- [Task item]
Write out word for word each line from the one containing "J&M (JOHNSTON&MURPHY) ARISTCRAFT" through the close of the listing, including both ends. Pictures do not belong in the copy.

- [Given data]
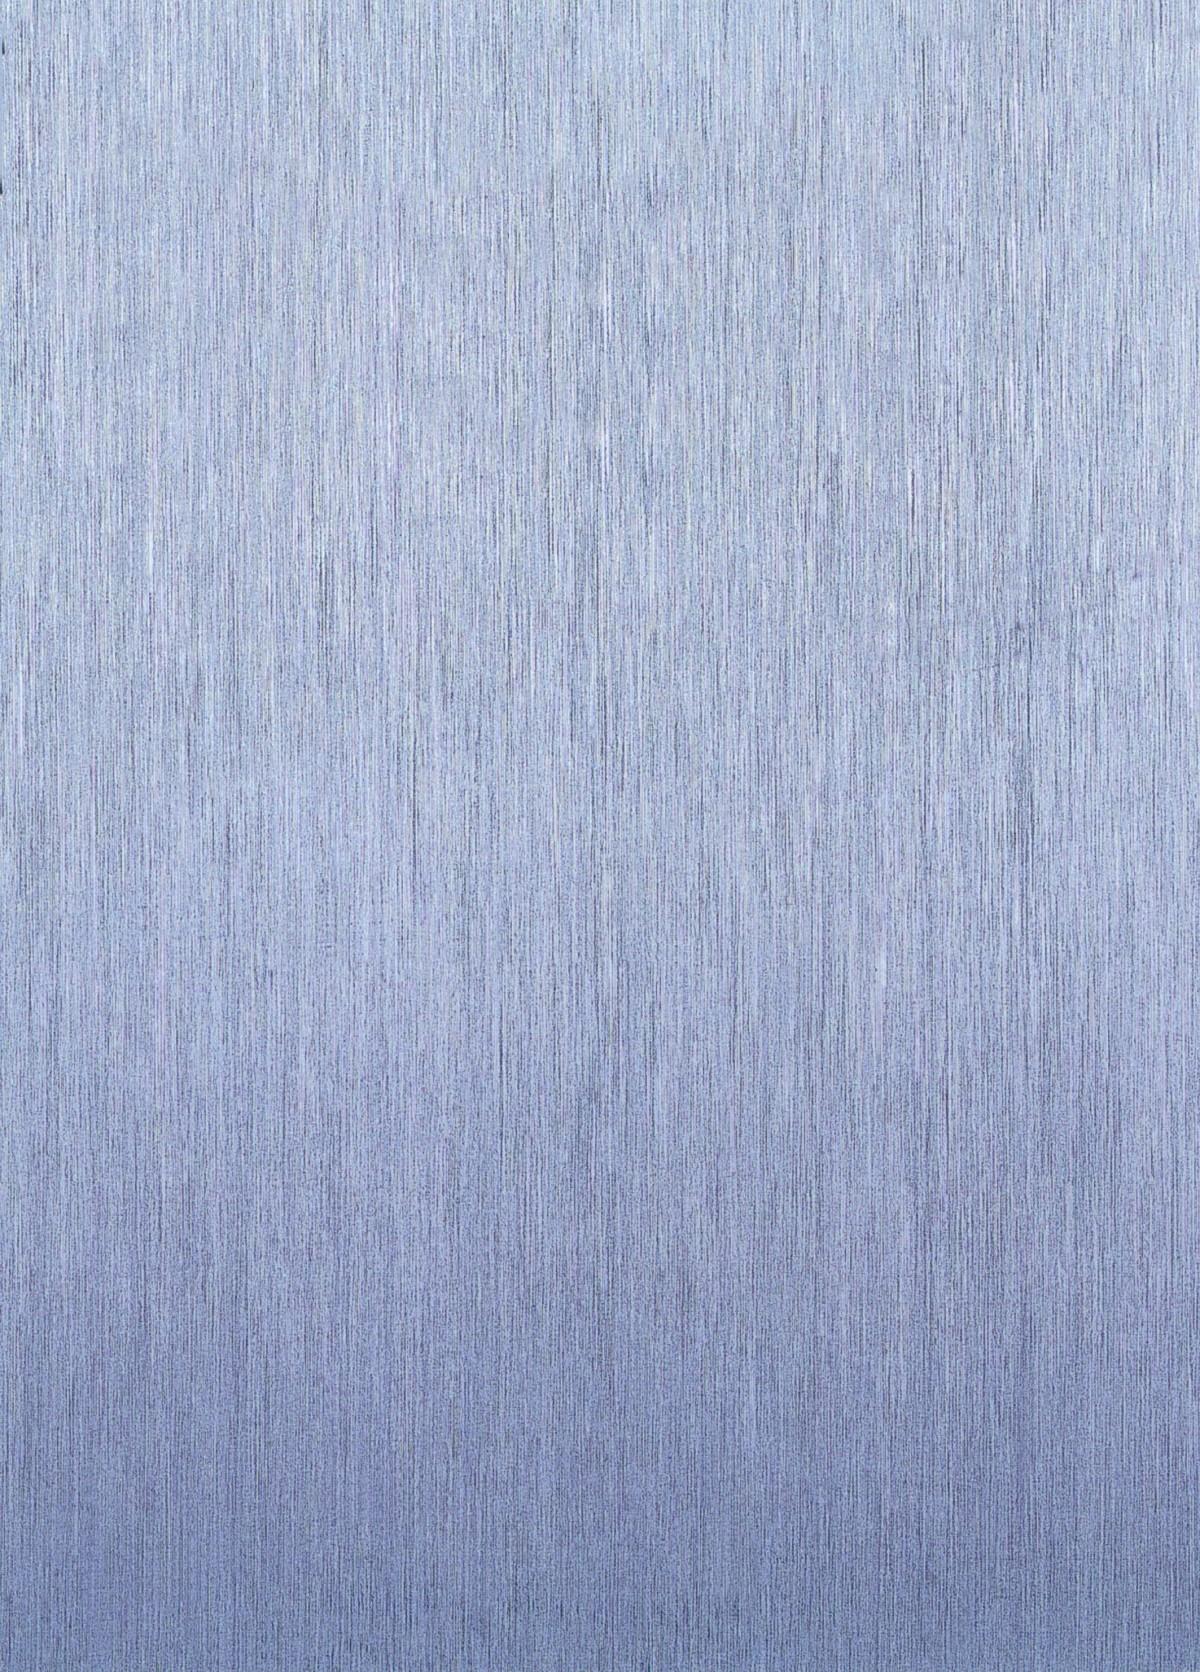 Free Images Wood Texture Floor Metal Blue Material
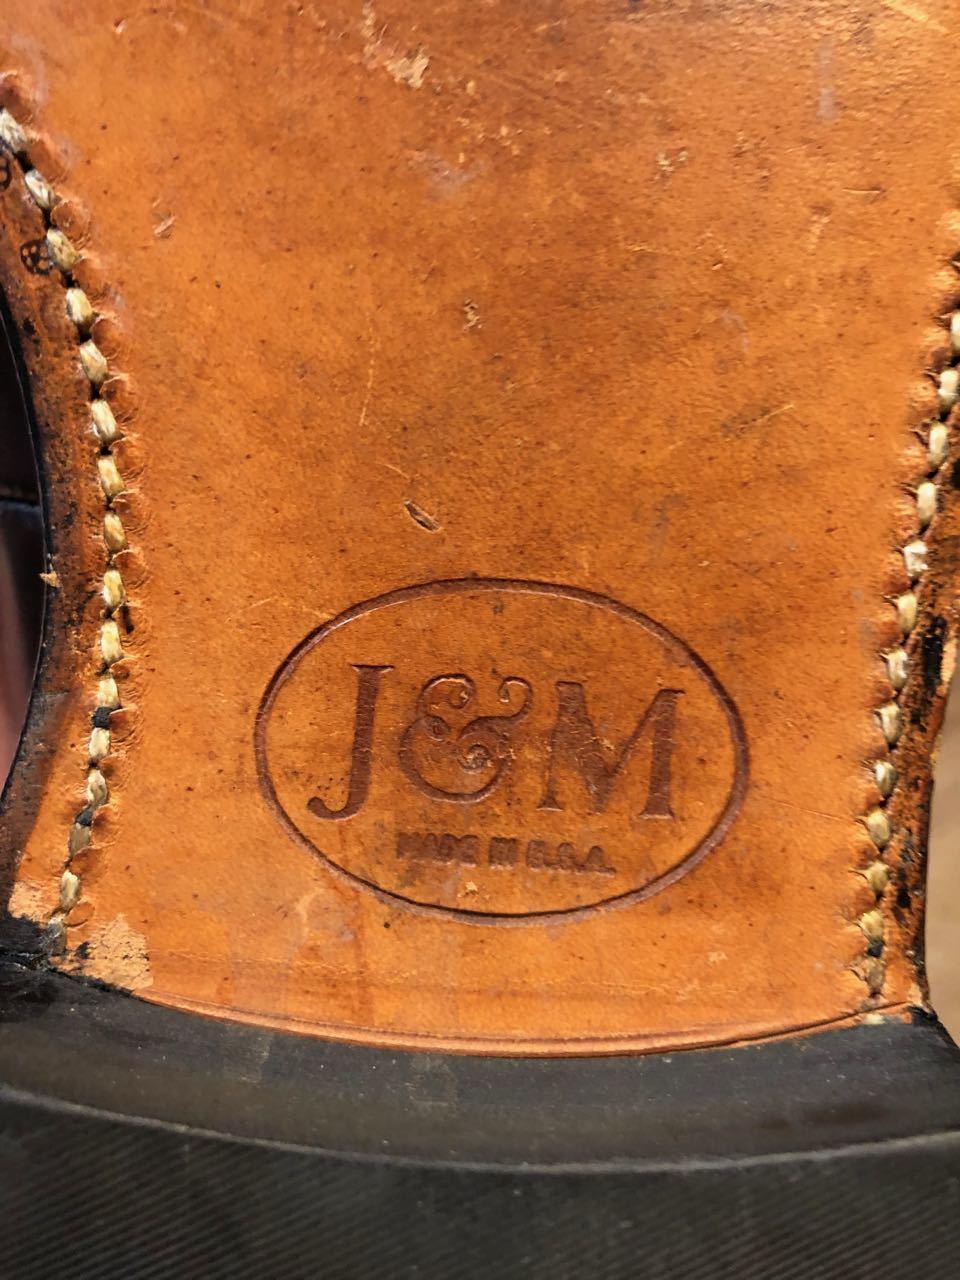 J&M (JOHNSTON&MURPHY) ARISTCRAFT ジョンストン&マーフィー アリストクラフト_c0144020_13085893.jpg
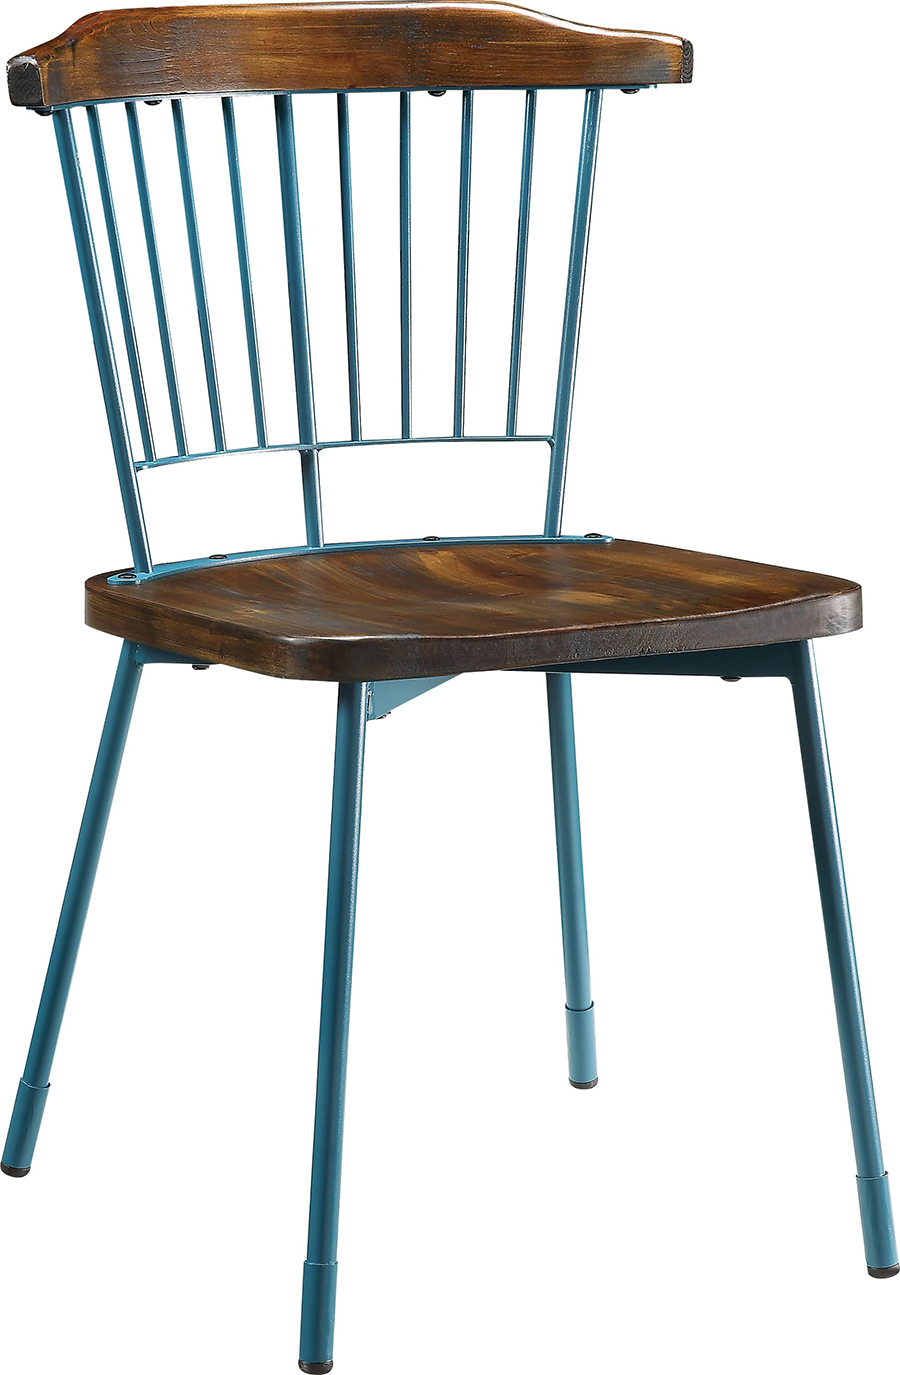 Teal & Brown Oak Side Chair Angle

- [Exercise result]
 J&M (JOHNSTON&MURPHY) ARISTCRAFT ジョンストン&マーフィー アリストクラフト_c0144020_13085893.jpg
 Teal & Brown Oak Side Chair Angle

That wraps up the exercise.